Okay. So first of all, I'm a liar, but I have regularly said in dating situations that the
last thing I want to do is waste somebody's time or somebody to waste my time. So if we're doing
this, the time investment, like there needs to be a return on that time. If you don't think there's
going to be a return on that time, then get the fuck out.
I just don't think that you should be comparing yourself to her. 33 is still really young.
I know it feels like you're far behind, but I mean, you're not. In fact, you may have
a better chance at having a stronger relationship. Not saying that their relationship isn't strong,
but it sounds to me that if he was with her a month after your relationship, there could possibly be remnants
of a rebound right there. And you've been focusing on what's important and you're taking
your time. So I would not worry about that. I know that it's easier for me to say than
it is for you to feel. But I honestly think that you're doing the right thing and you're
light years ahead of them in some ways, because you're going to have that personal growth that they
can't have.
I really, and it's personal for me, but I don't think that you can go from being in
like a very serious committed relationship of three years in this situation and then
be with someone a month later and be able to give that person what they need
a month later. How are you truly healed? And I understand everybody heals and grieves and
stuff in different times. So it's not really fair for me to say, oh, that person wasn't
moved on. I don't know him from Adam. I just know for myself, I couldn't put myself in
another serious situation or another situation a month later.

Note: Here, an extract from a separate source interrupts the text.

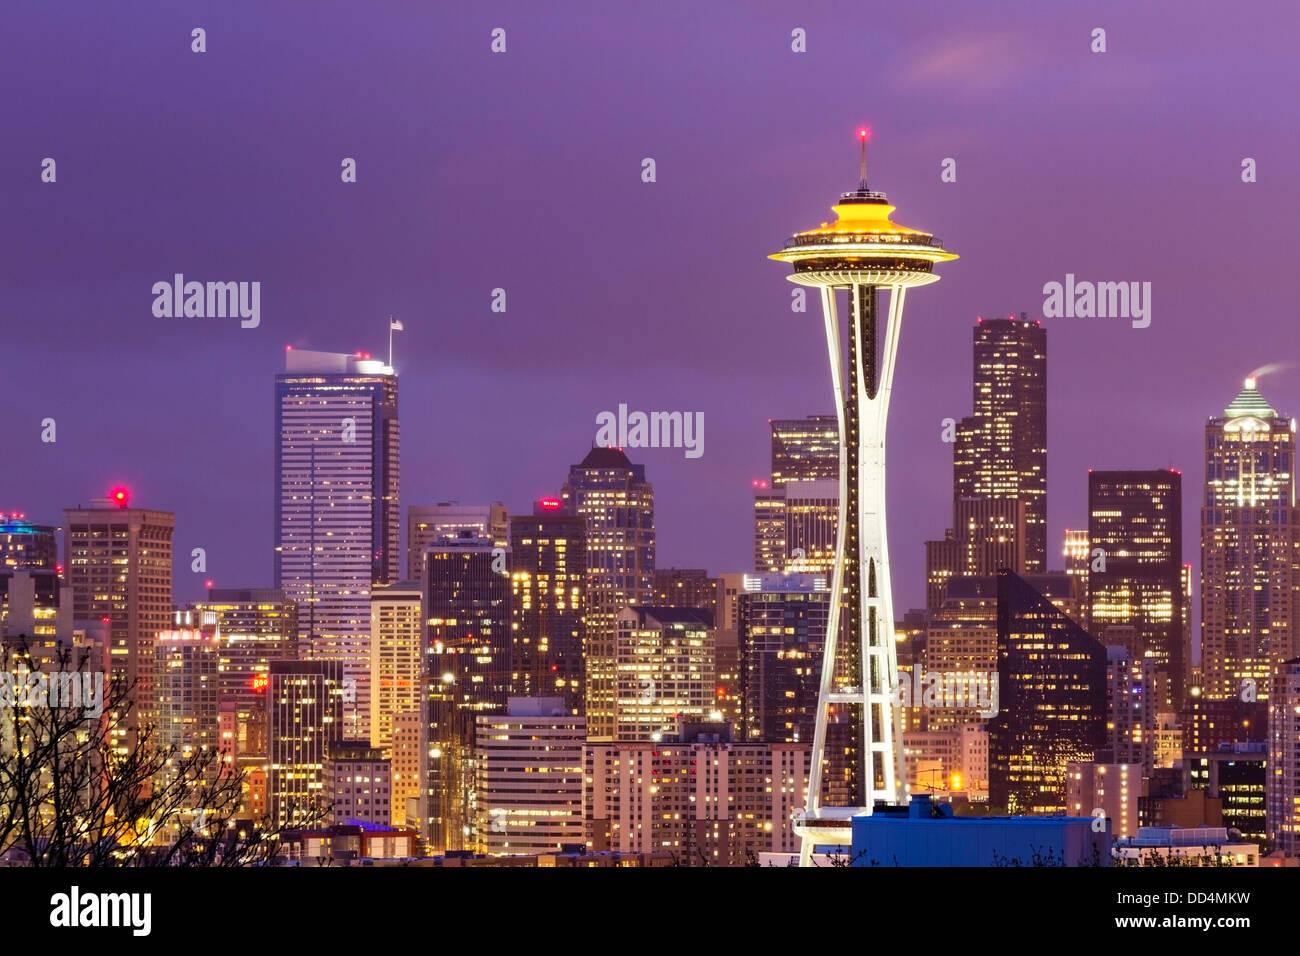 Seattle, Washington City Skyline with the Space Needle - Stock Image

I will say any relationships that I have jumped from one to another, which I have done in
my life, they never really ended well. Elijah and I, we have a lot of odds still stacked
against us for that reason. I honestly don't think that it's... Yes, there are happily
ever afters with those situations, but I just think that the chances, yes, there are, you know, happily ever afters with those
situations, but I just think that the chances of that are a lot slimmer. And I definitely
don't think that I've ever been in a good relationship when I jump around to relationships.
So I would agree with you.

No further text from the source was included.